> _Material provided_:
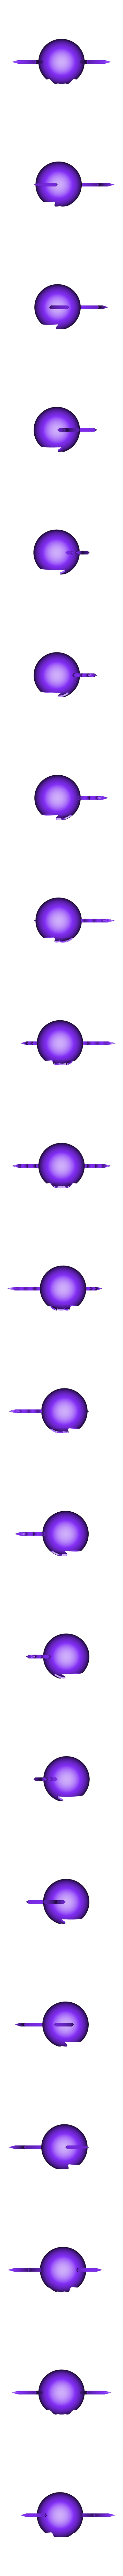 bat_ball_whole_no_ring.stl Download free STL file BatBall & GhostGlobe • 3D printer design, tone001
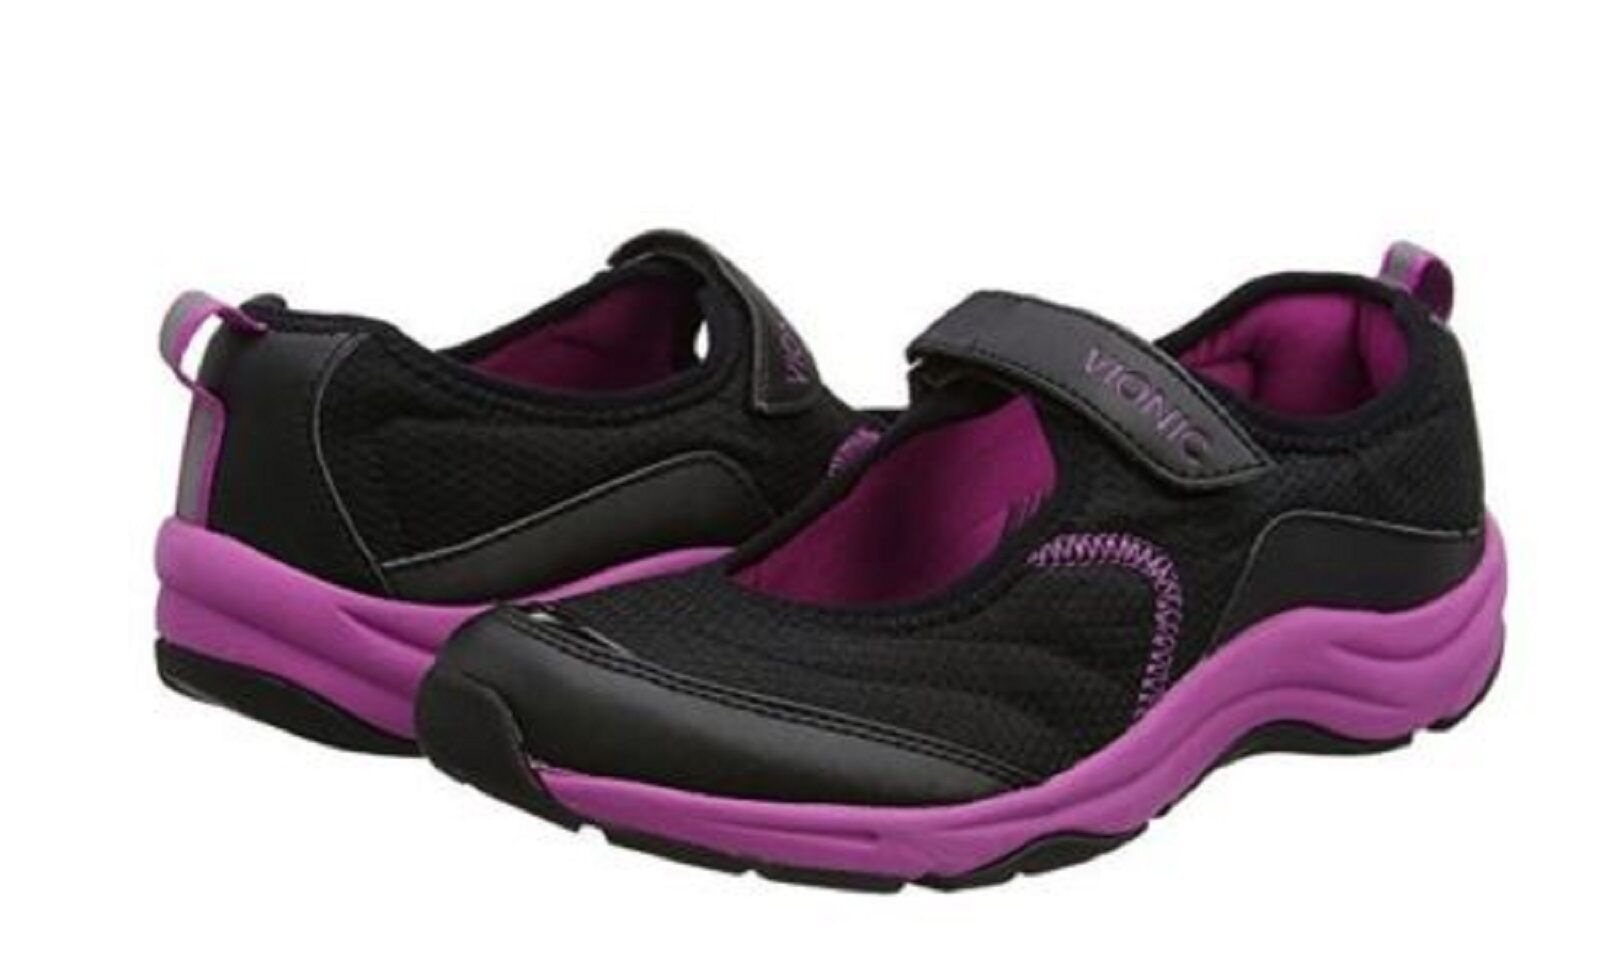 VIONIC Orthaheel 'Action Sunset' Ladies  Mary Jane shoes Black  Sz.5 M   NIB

--

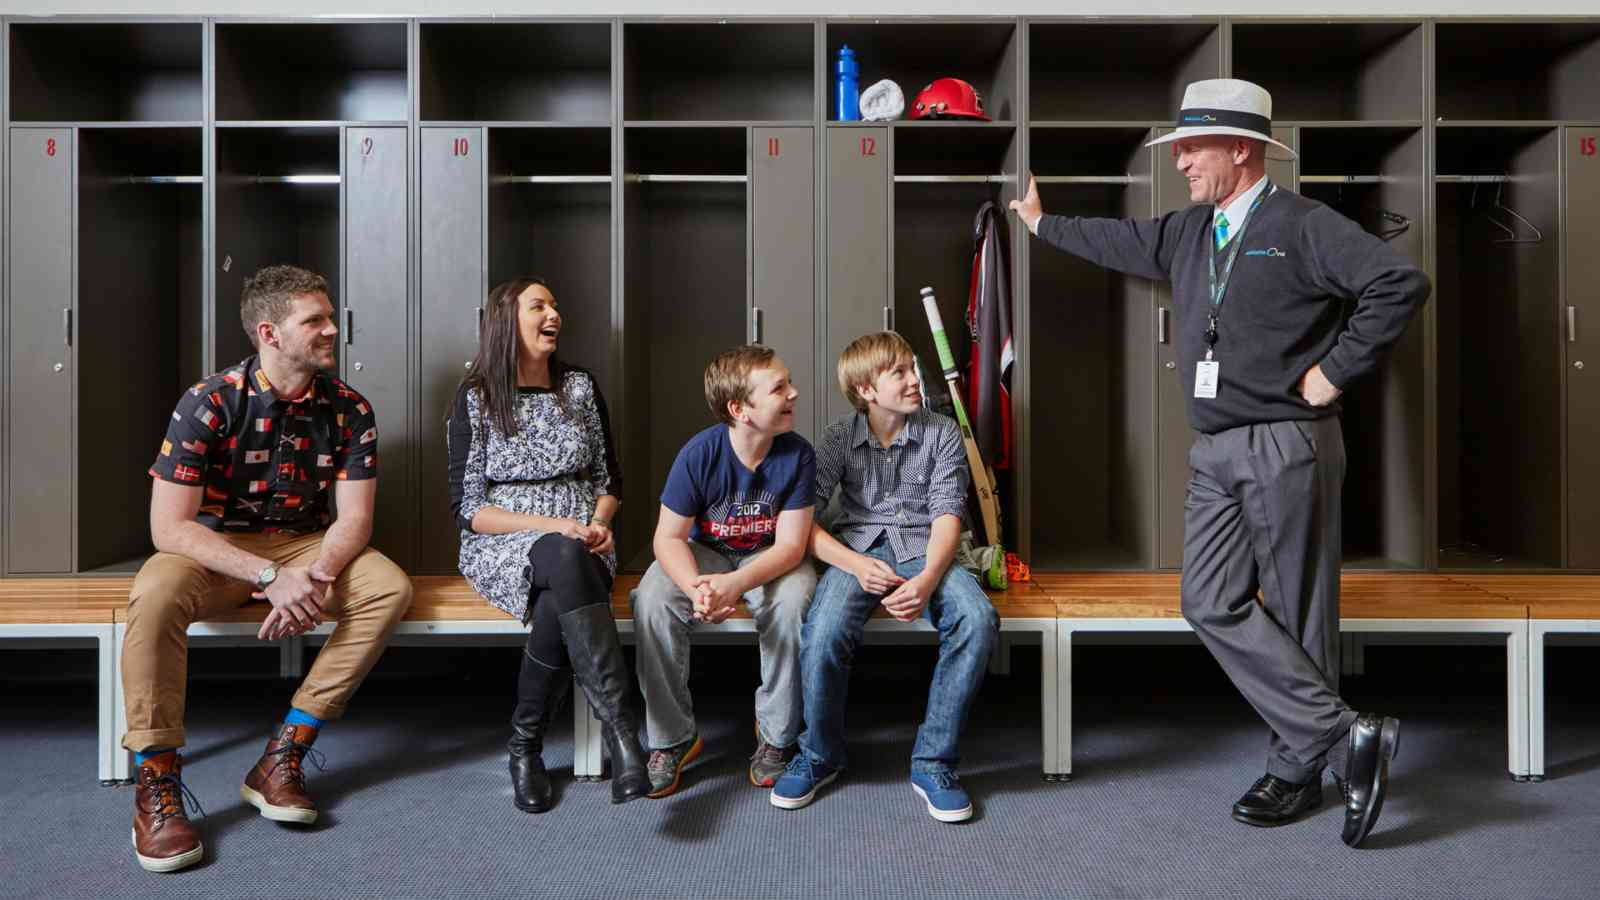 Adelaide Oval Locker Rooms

> _What you have to do_: In the material above, the stretch from the line with "bat_ball_whole_no_ring.stl Download free" through the line with "VIONIC Orthaheel 'Action" is to be given again exactly, minus the pictures.

> _Solution_:
 bat_ball_whole_no_ring.stl Download free STL file BatBall & GhostGlobe • 3D printer design, tone001
 VIONIC Orthaheel 'Action Sunset' Ladies  Mary Jane shoes Black  Sz.5 M   NIB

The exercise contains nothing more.